──────── Dataset

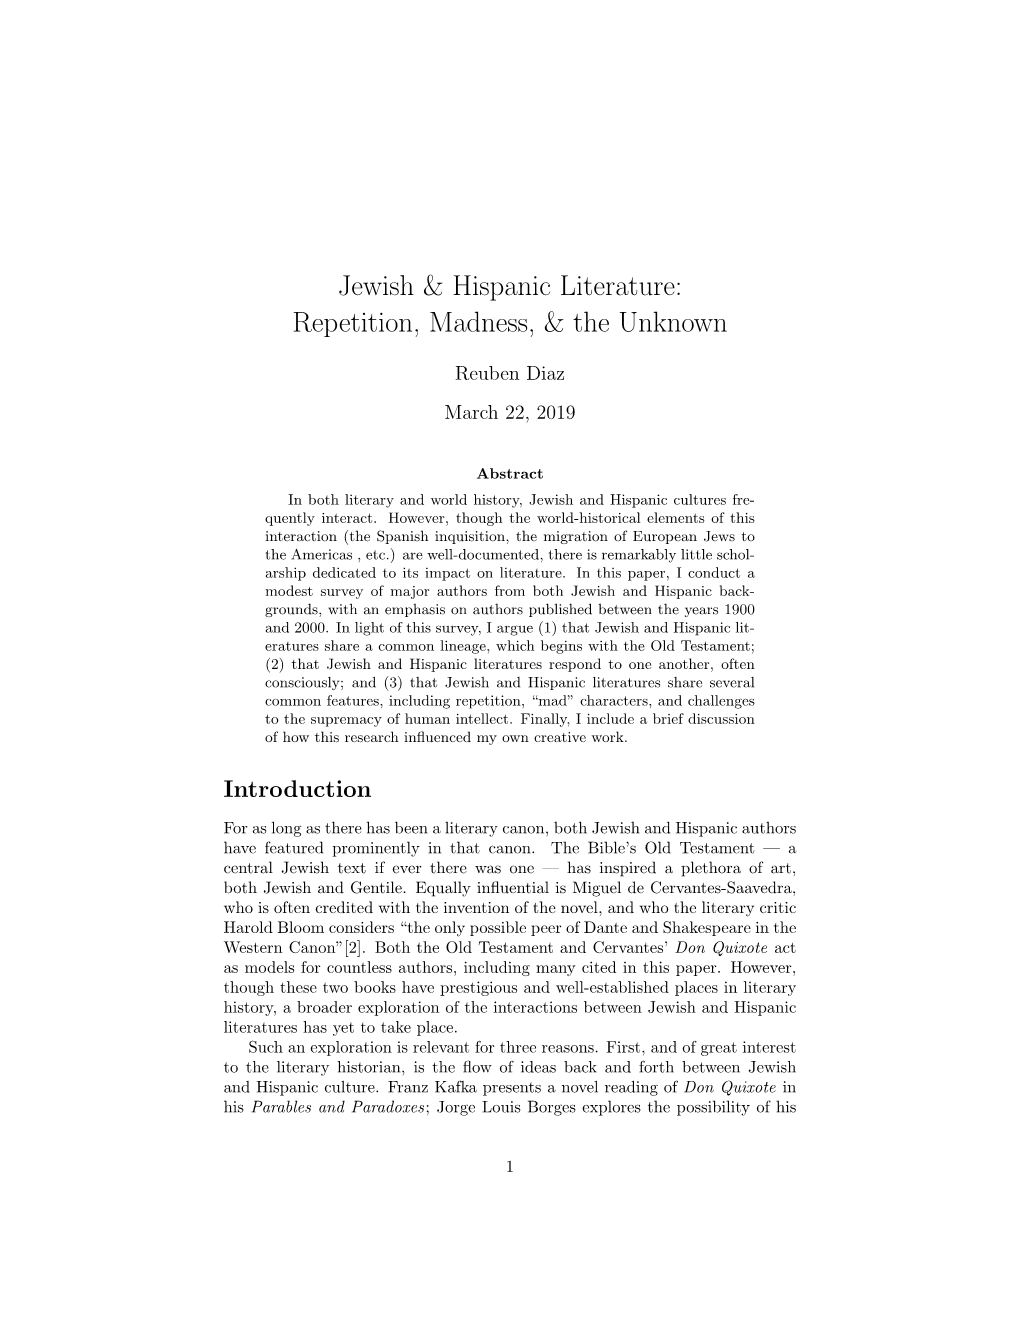 Jewish & Hispanic Literature: Repetition, Madness, & the Unknown
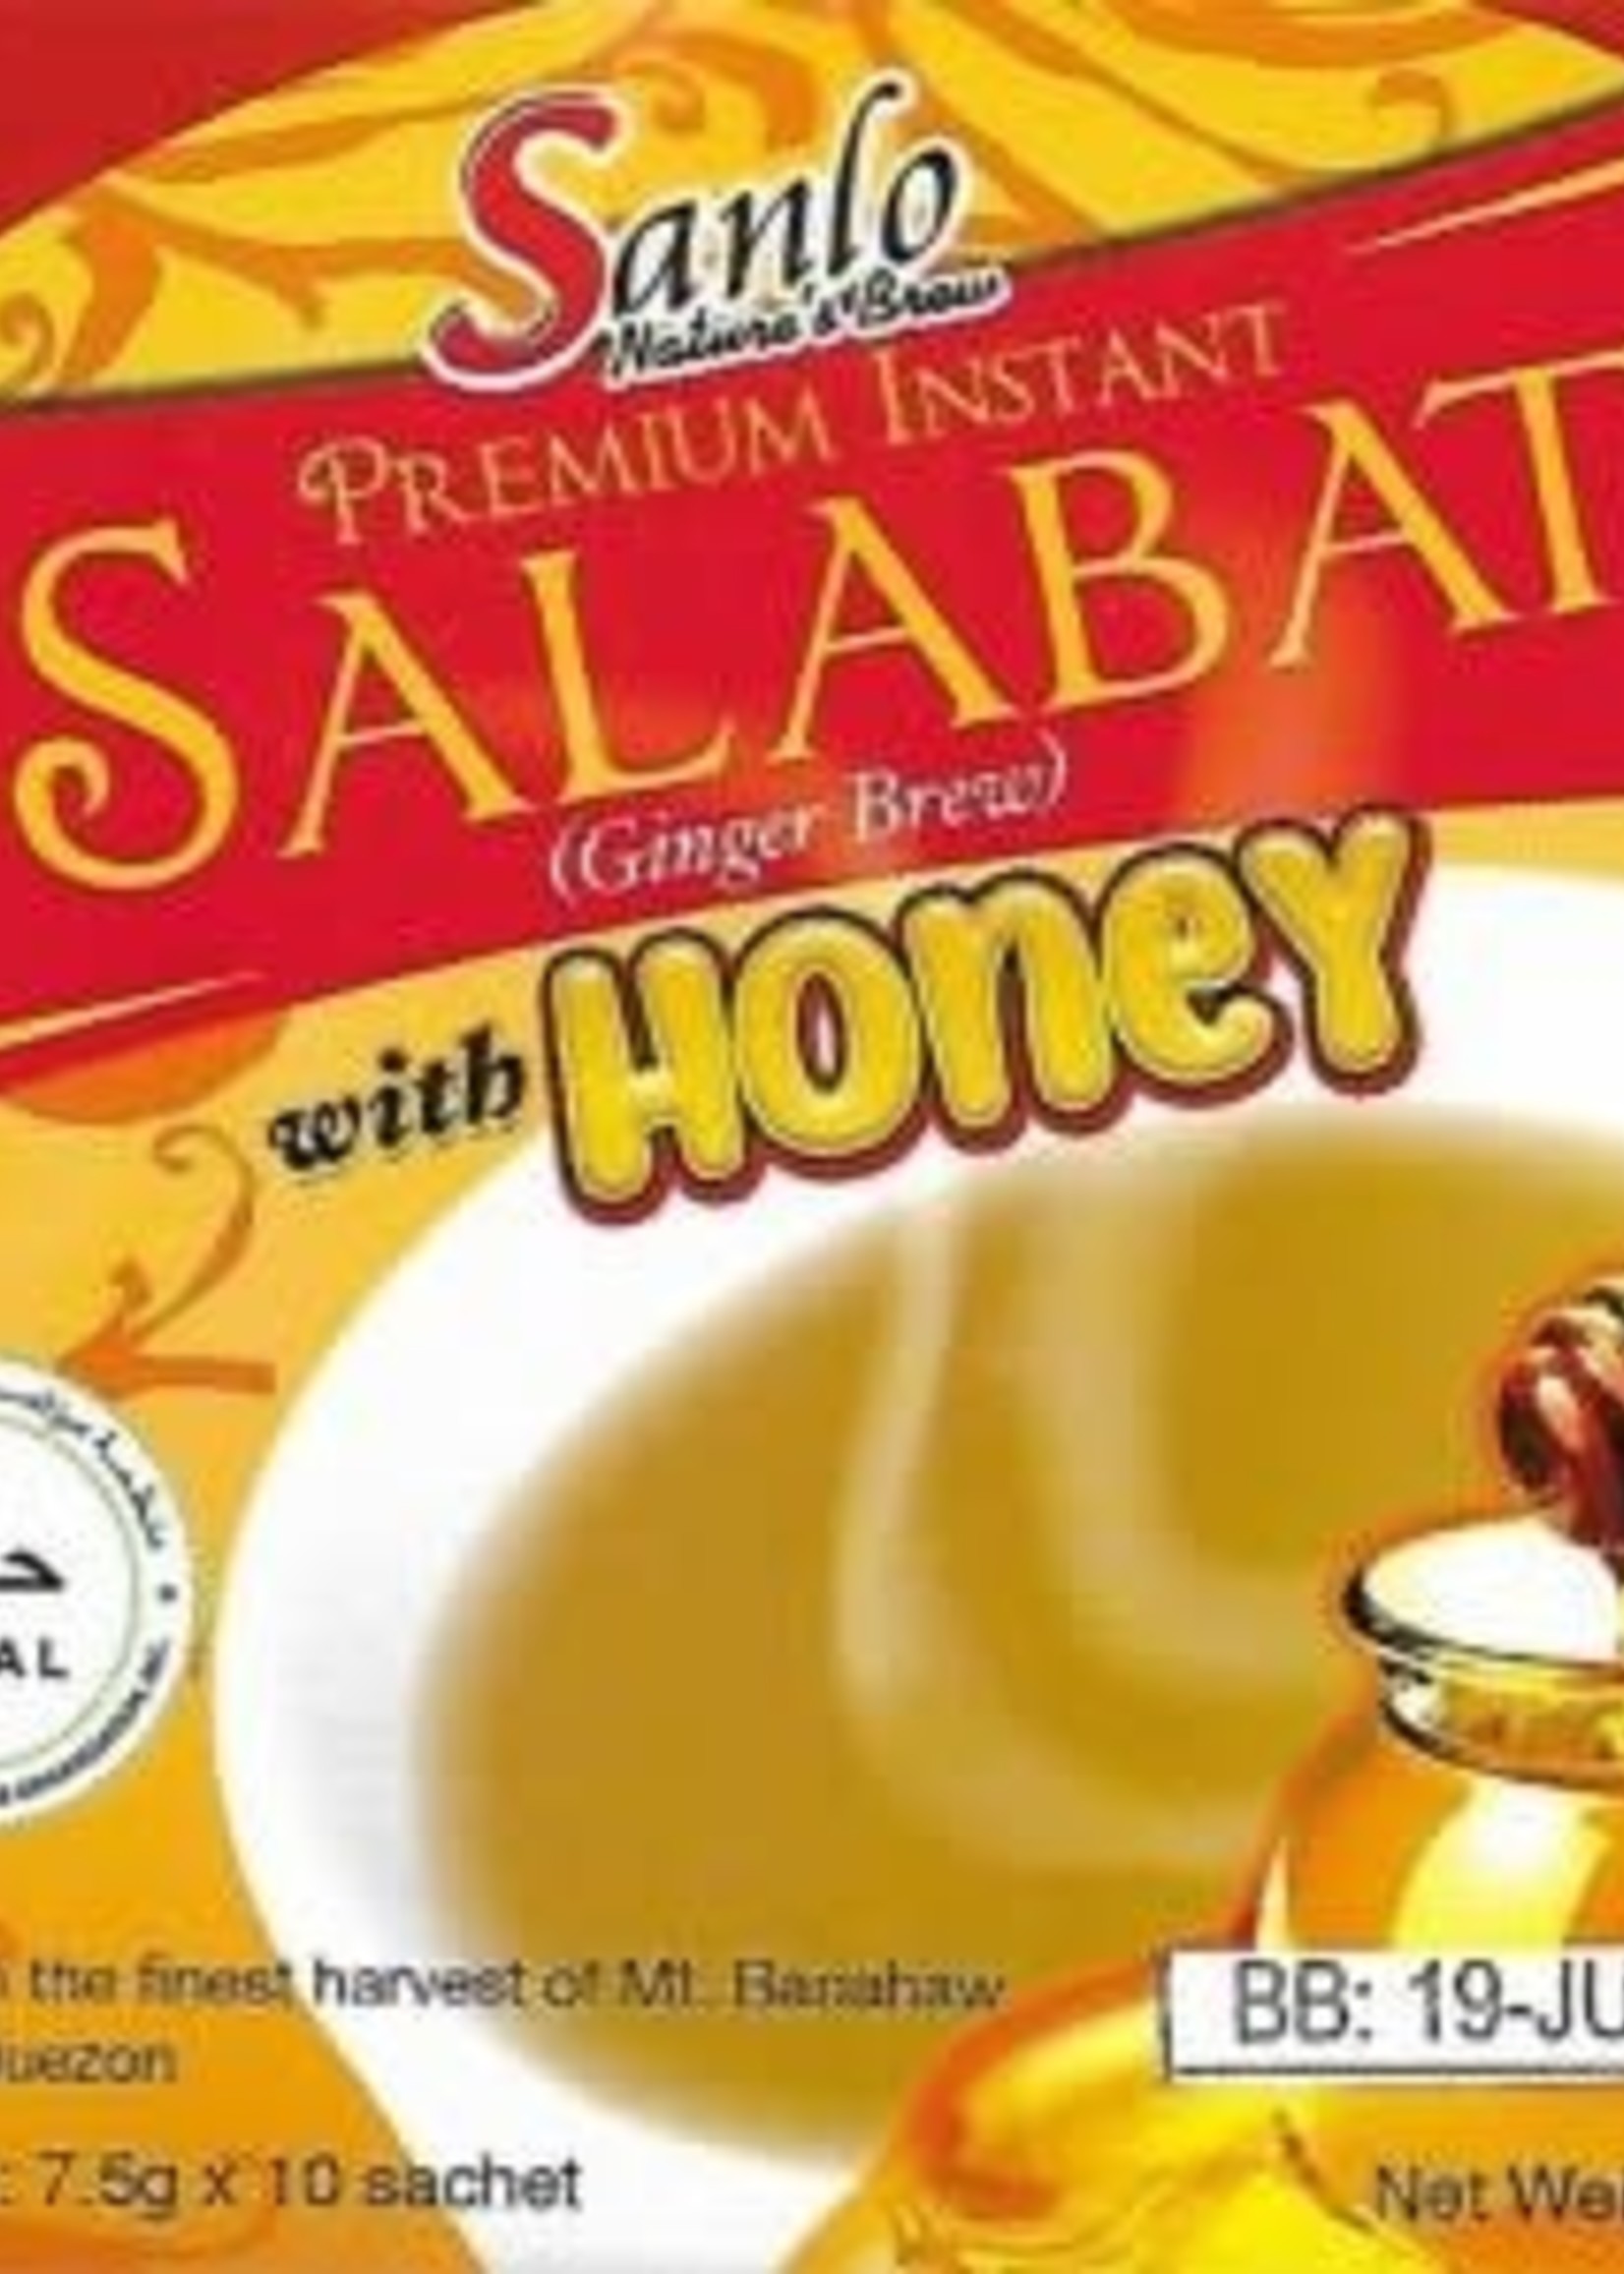 Sanlo Premium Instant Salabat met Honing 75 gr Sanlo
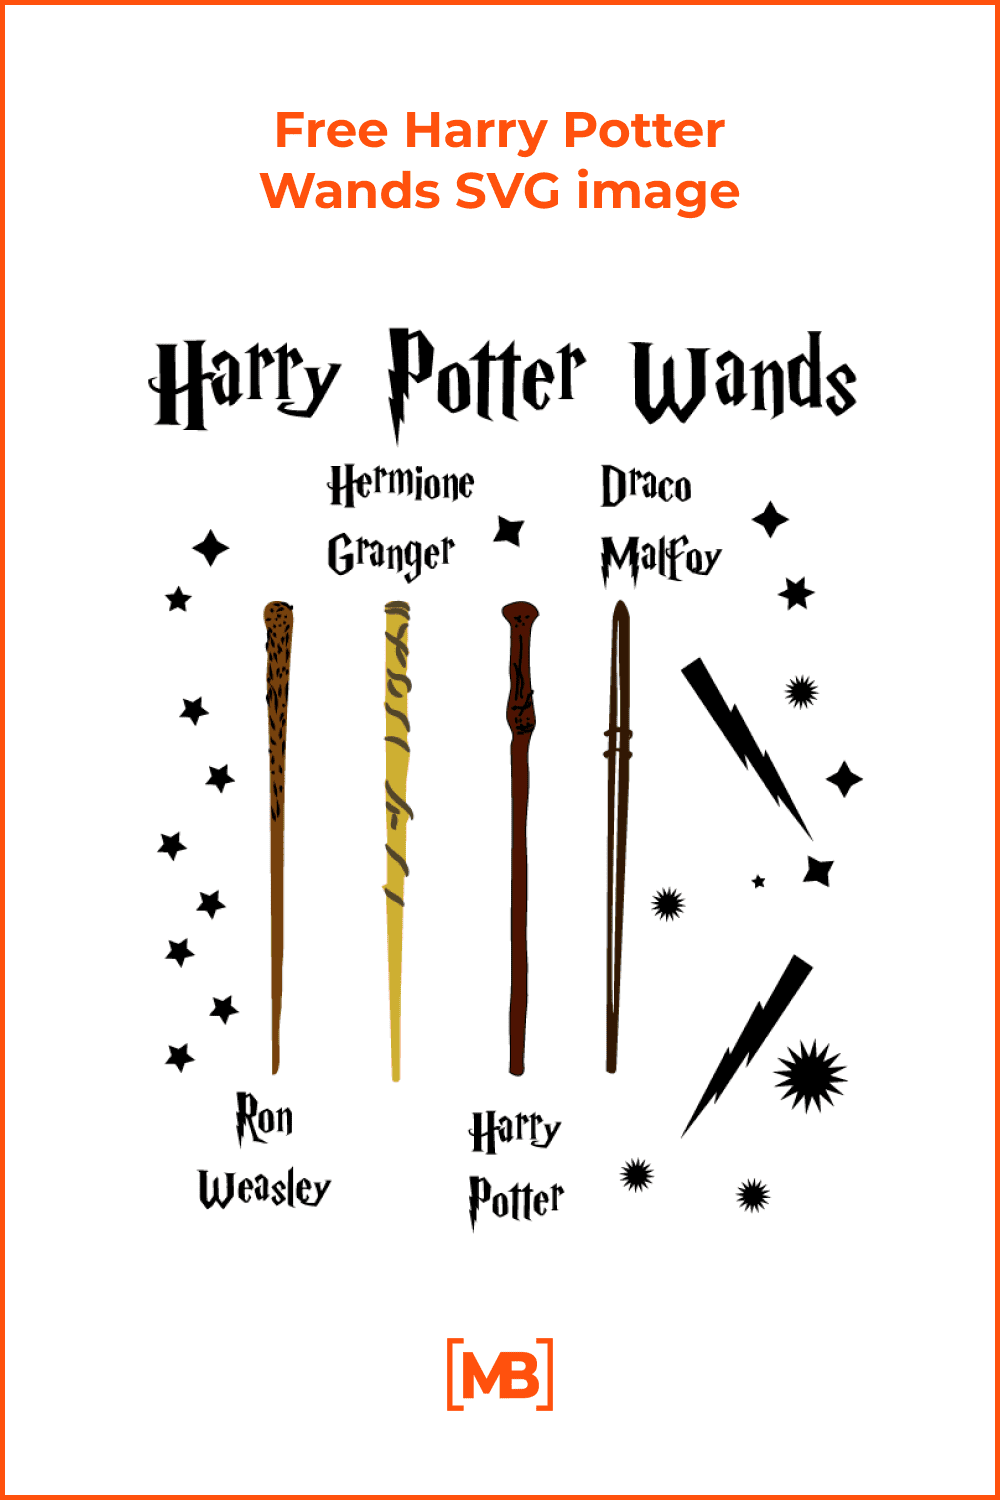 Free Harry Potter wands SVG image.
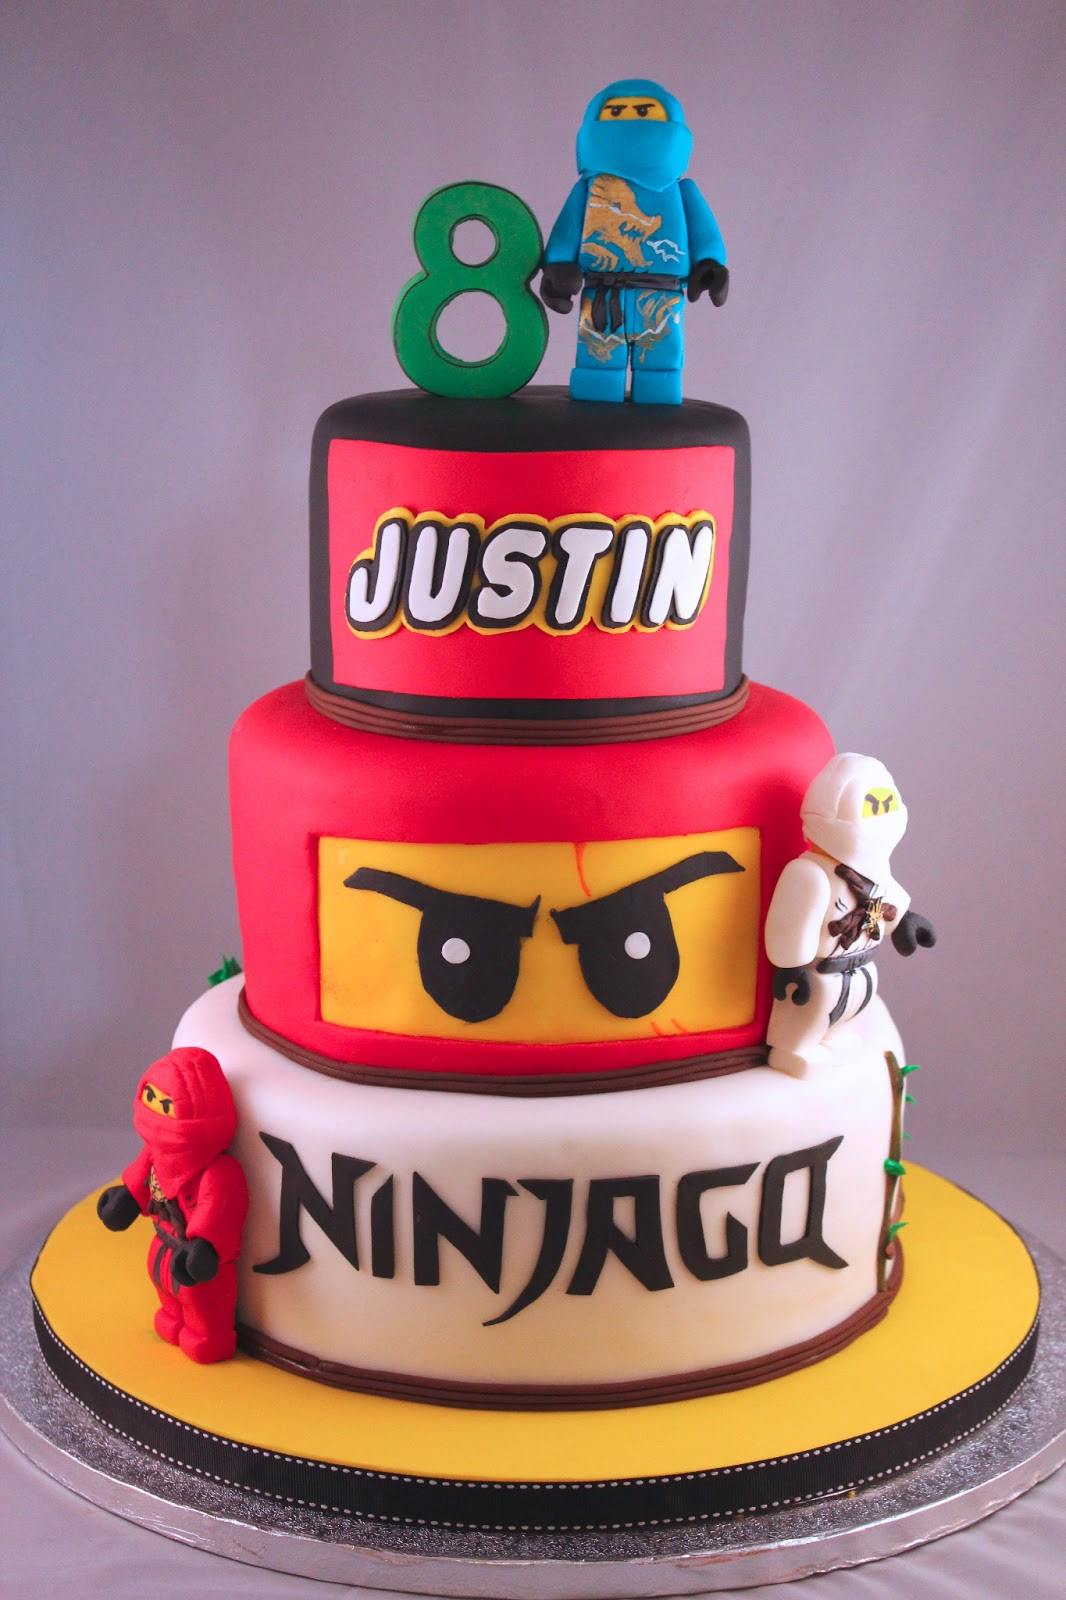 Ninjago Birthday Cake
 Yummy Thingy Justin s Ninjago Cake

────────────────

▶ [Exercise brief]:
Output the records exactly, and let none of their pictures appear in the copy.

▶ [Solution for this task]:
 Jewish & Hispanic Literature: Repetition, Madness, & the Unknown
 Sanlo Premium Instant Salabat met Honing 75 gr Sanlo
 Free Harry Potter wands SVG image.
 Ninjago Birthday Cake
 Yummy Thingy Justin s Ninjago Cake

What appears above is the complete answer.